For example, the businesses, government, and community organizations, as well as colleges, universities, and school districts in the group who focused on coordinating efforts so that all students access and complete college, agreed that our four School Districts would meet to identify one or more target goals around college completion. They also agreed to revisit the ways in which we measure college access and completion.

The PPRC members who chose to discuss helping all children and families be financially stable first agreed that school mobility is crucial (which is the current focus of our collaborative work to help families achieve financially stability). Recognizing that poverty’s ubiquity throughout our communities and region creates conditions that make it hard to achieve academic success or optimal health, they agreed that we need also to align efforts to help families in the areas of housing, jobs, saving and asset development, and volunteered to coordinate our resources to impact indicators related to those areas. Several of the participants agreed to share data in order to better understand opportunities in the region. They also agreed to meet again, to decide the optimal setting to coordinate resources and programs related to housing, jobs, and saving and asset development.

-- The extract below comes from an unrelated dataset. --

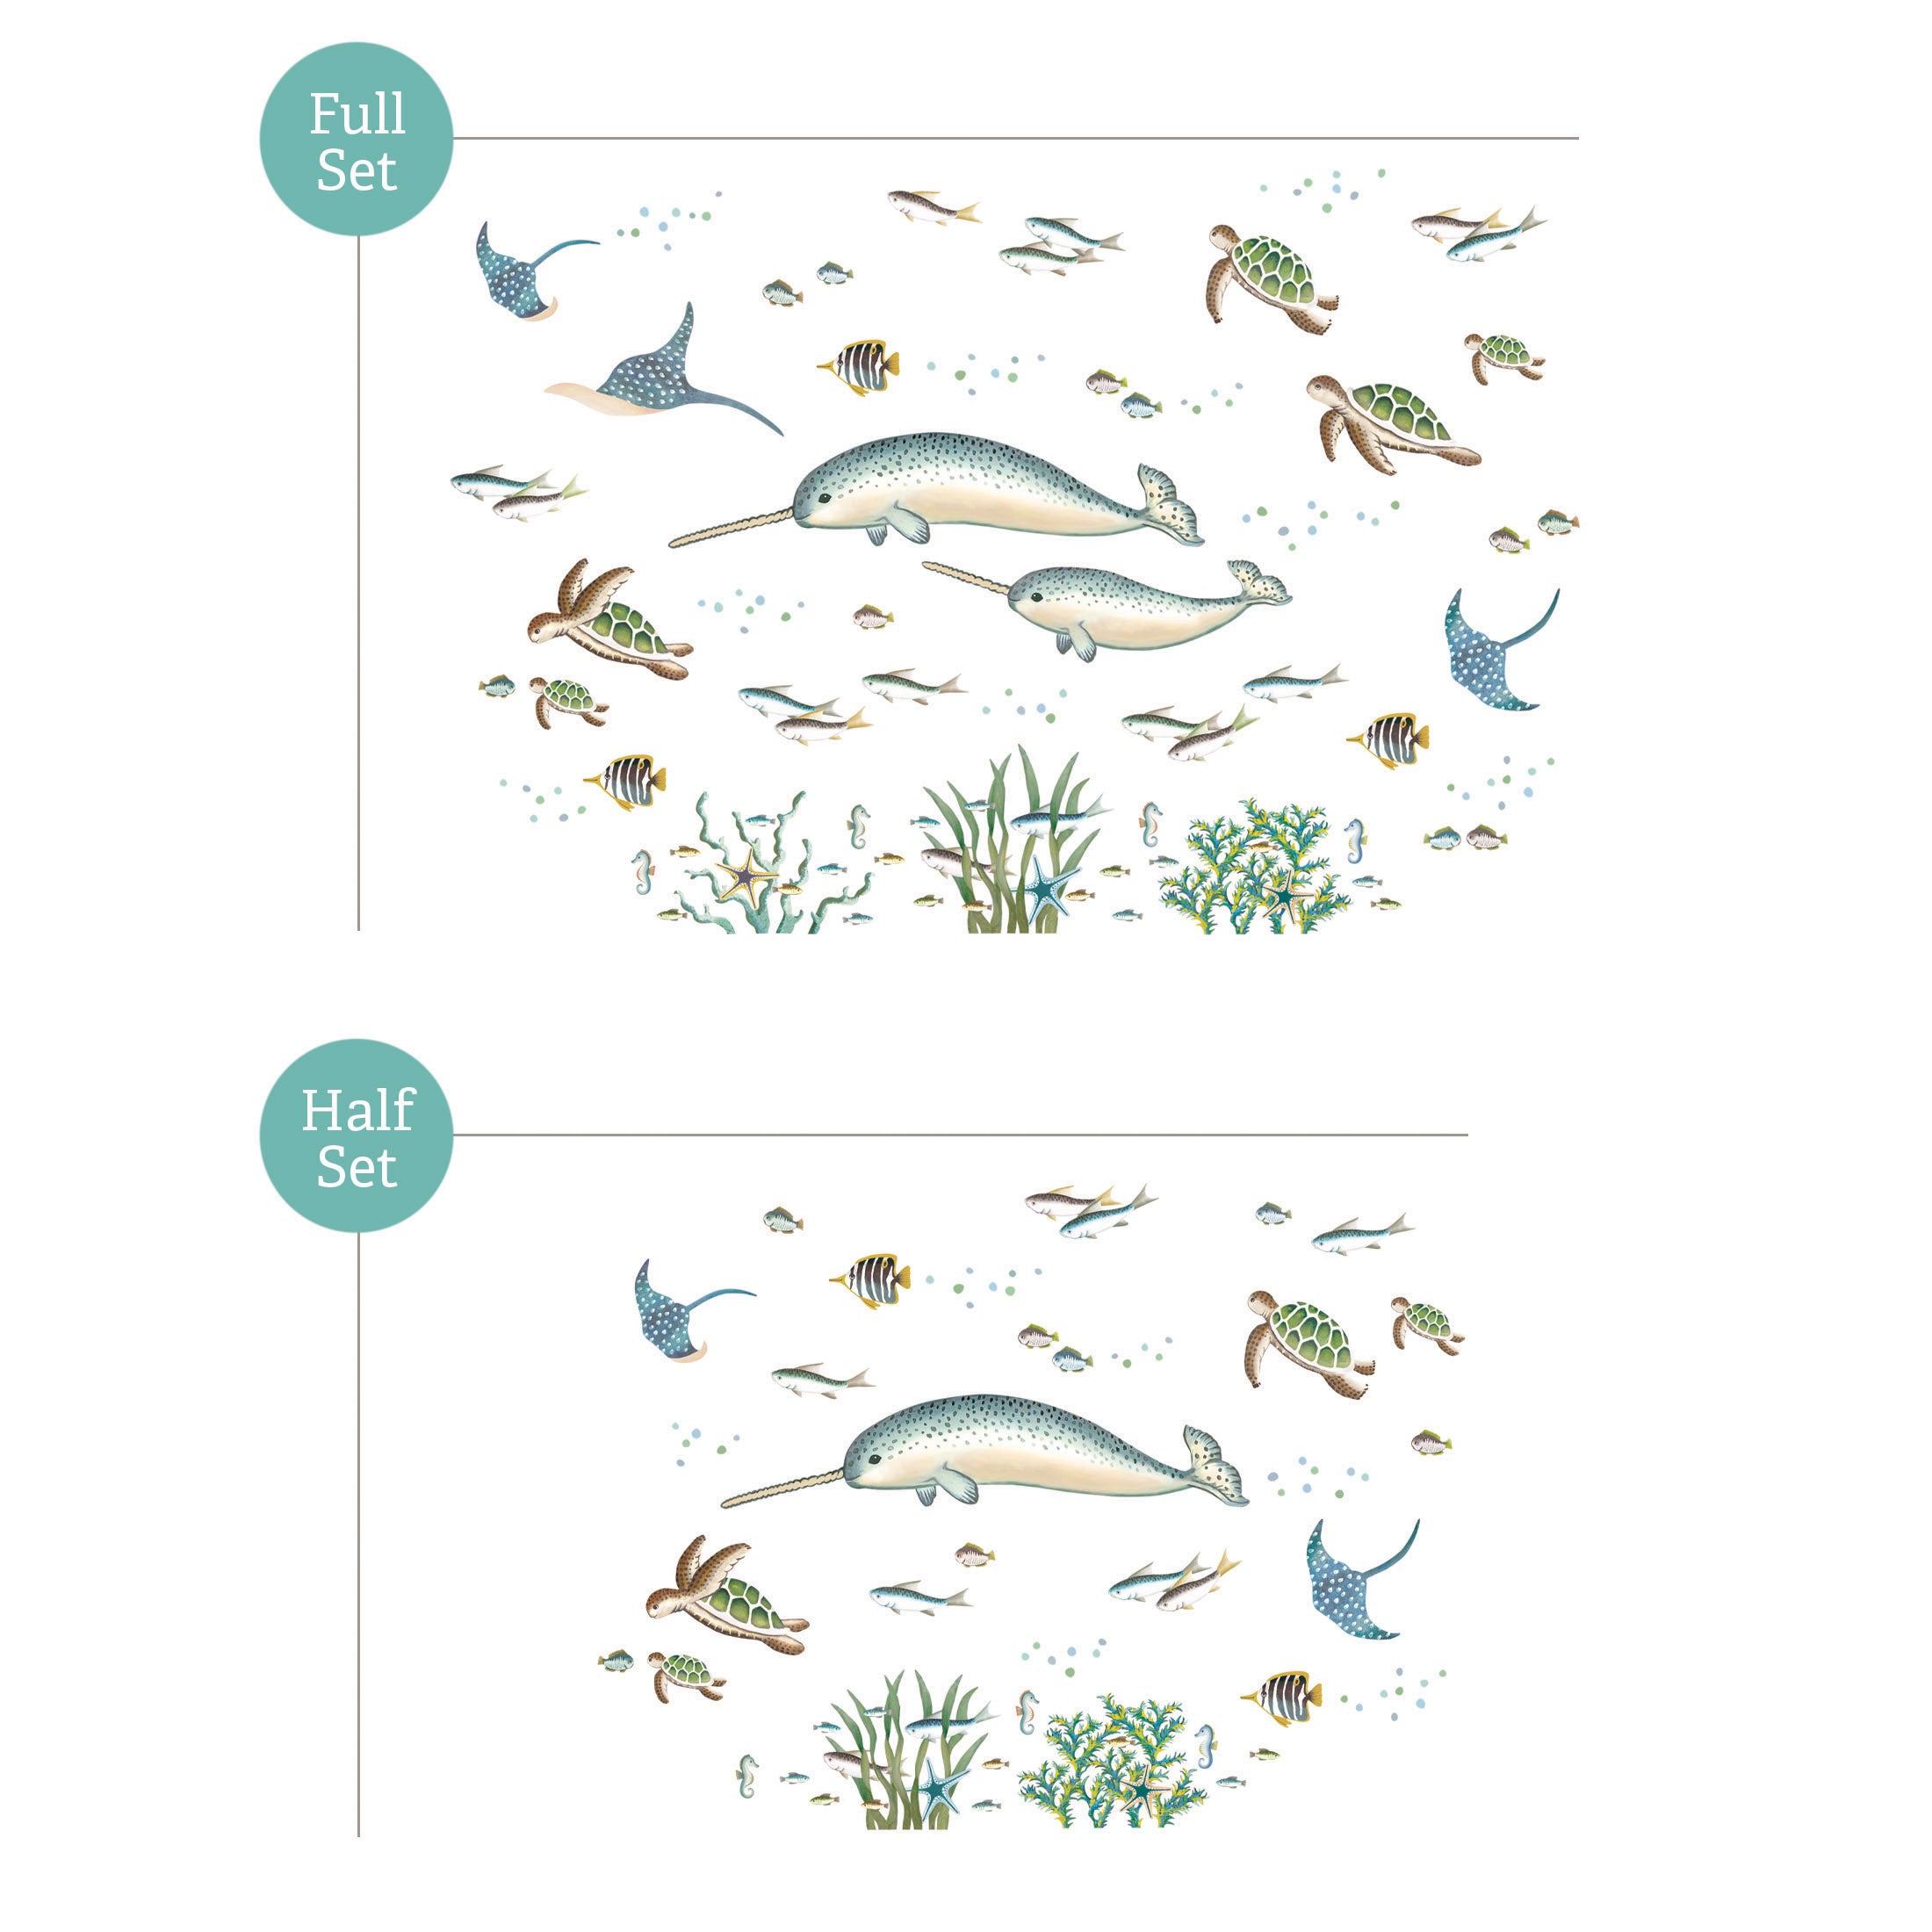 Narwhal, Sea Turtle and Fish ~ Ocean Scene Fabric Wall Sticker 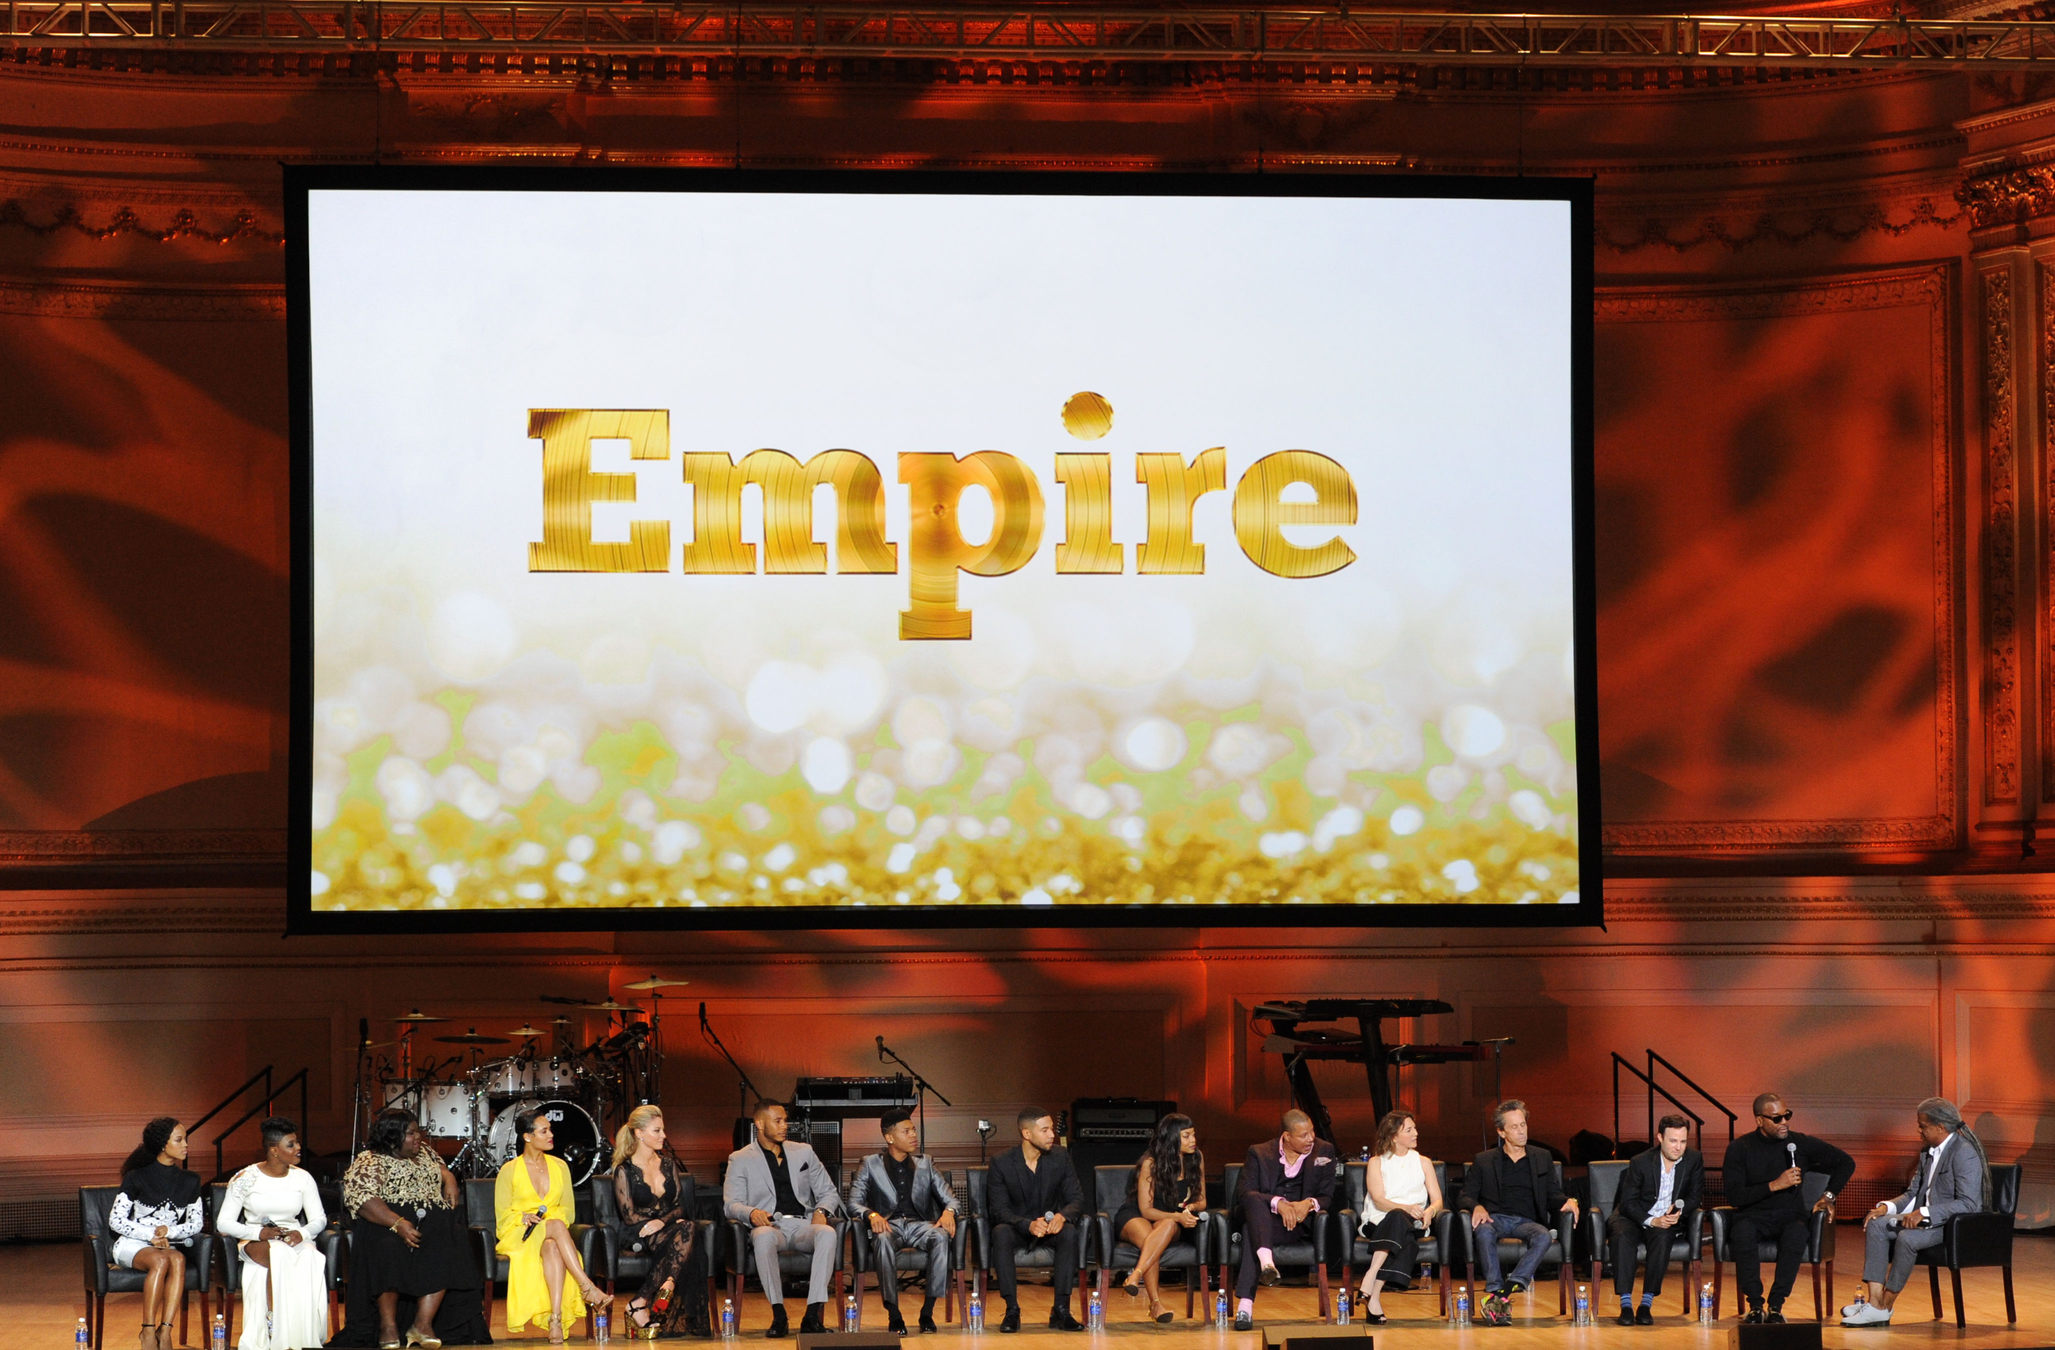 EMPIRE: EMPIRE Cast members Serayah McNeill, Ta 'Rhonda Jones, Gabourey Sidibe, Grace Gealey, Kaitlin Doubleday, Trai Byers, Bryshere "Yazz" Grey, Jussie Smollett, Taraji P. Henson and Terrence Howard and Executive Producers Ilene Chaiken, Brian Grazer, Danny Strong and Lee Daniels, and moderator Elvis Mitchell during the Q&A at the EMPIRE Season Two season premiere event at Carnegie Hall on Saturday, Sept. 12 in New York, NY. Season Two premieres Wednesday, Sept. 23 (9:00-10:00 PM ET/PT) on FOX. © 2015 FOX BROADCASTING CR: Frank Micelotta/FOX

As the co-chair of the Promise Partnership Regional Council, I want to thank our members (and the dozens of individuals who work for their agencies and carry out the PPRC’s vision) for caring about each and every child in our region, for embracing our six bold goals, for working together differently, and for embracing the complexity that comes with aligning strategies, staff, and resources in innovative ways. The PPRC gives me hope — hope that we can fulfill on our promise to change the odds for every child and hope for a better Utah.